Chinese tech giants were also grappling with new regulations dictating how AI models can be trained. The rules limited the data sets that could be used to train AI models and the applications that were acceptable, and also set requirements for registering AI models with the government.
“It’s harder and riskier to innovate in generative AI under the current regulatory regime, which remains a moving target,” said Kevin Xu, founder of US-based Interconnected Capital, a hedge fund that invests in AI companies. .
Technology investors in China have also pushed for quick results from AI, which has meant money has flowed toward easy-to-execute applications rather than more ambitious goals focused on fundamental research, said Yiran Chen, distinguished professor of electrical and computer engineering John Cocke. at Duke University. Up to 50 percent of China’s AI investment has gone into computer vision technology, needed for surveillance, rather than building basic models for generative AI, he said.

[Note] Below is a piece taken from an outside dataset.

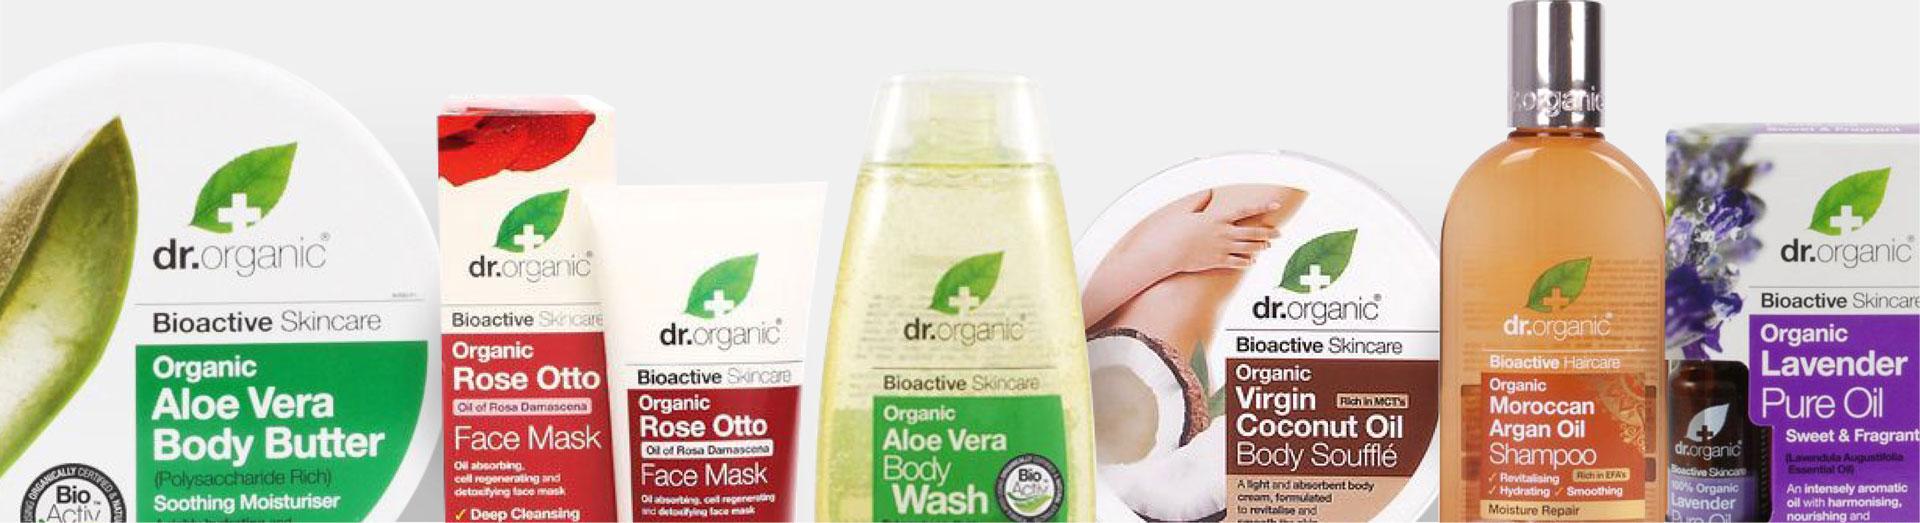 Calm Natural Skin Care
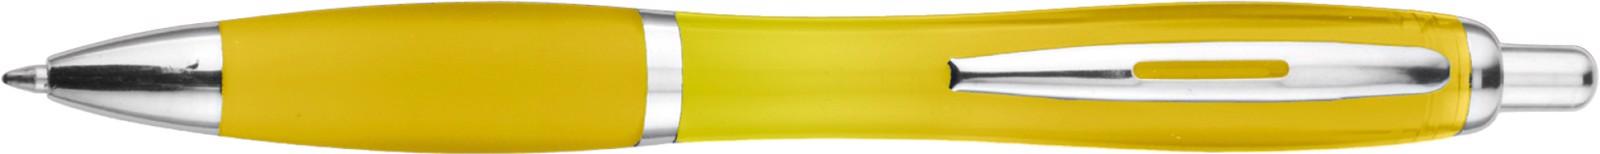 ABS ballpen - Yellow

Now Baidu, Alibaba, dairy company Mengniu and tutoring company TAL Education have joined the generative AI race in China, prompting Chinese media to coin the phrase “the battle of the 100 models” to describe the frenzy.
Some have criticized wrestling as publicity stunts that add unnecessary competition. In a roundtable last year, Robin Li, CEO of Baidu, described having hundreds of basic AI models as wasteful.
“More resources should be allocated to applications in various industries, especially considering the limitations of our computing power,” he said.
Success has been difficult to achieve. When Baidu unveiled its chatbot, Ernie, in March, it was revealed that the “live” demo was pre-recorded. Baidu shares plunged 10 percent that day.
Despite the setback, Baidu remains one of China’s few major efforts to build a basic AI model from scratch. Others are led by Alibaba and Tencent, China’s tech giants, as well as a startup linked to Tsinghua University.
A Baidu spokesman declined to comment.
US restrictions on the sale of AI chips to China pose additional challenges, as many of those chips are needed to train generative AI models. Baidu and 01.AI, among others, have said they have stockpiled enough chips to sustain their operations for the foreseeable future.
There are some positives for China with AI, including in fields such as computer vision and autonomous vehicles. Some Chinese entrepreneurs are also looking to surpass the United States with advances in other parts of generative AI.
Wang Changhu, former director of ByteDance’s AI lab, founded a company called AIsphere in Beijing last year to spearhead what he saw as the next big frontier in technology: video generation. In November, the startup launched PixVerse, an AI-powered generator that can create videos from a text description.
“We are moving forward, building our models from scratch,” Wang said. “This gives us a significant advantage as true pioneers in the field of video generation.”
That advantage may have lasted only a few months. Last week, OpenAI introduced Sora, an artificial intelligence tool that turns a simple text message into videos that look like something out of a Hollywood movie. Sora instantly went viral.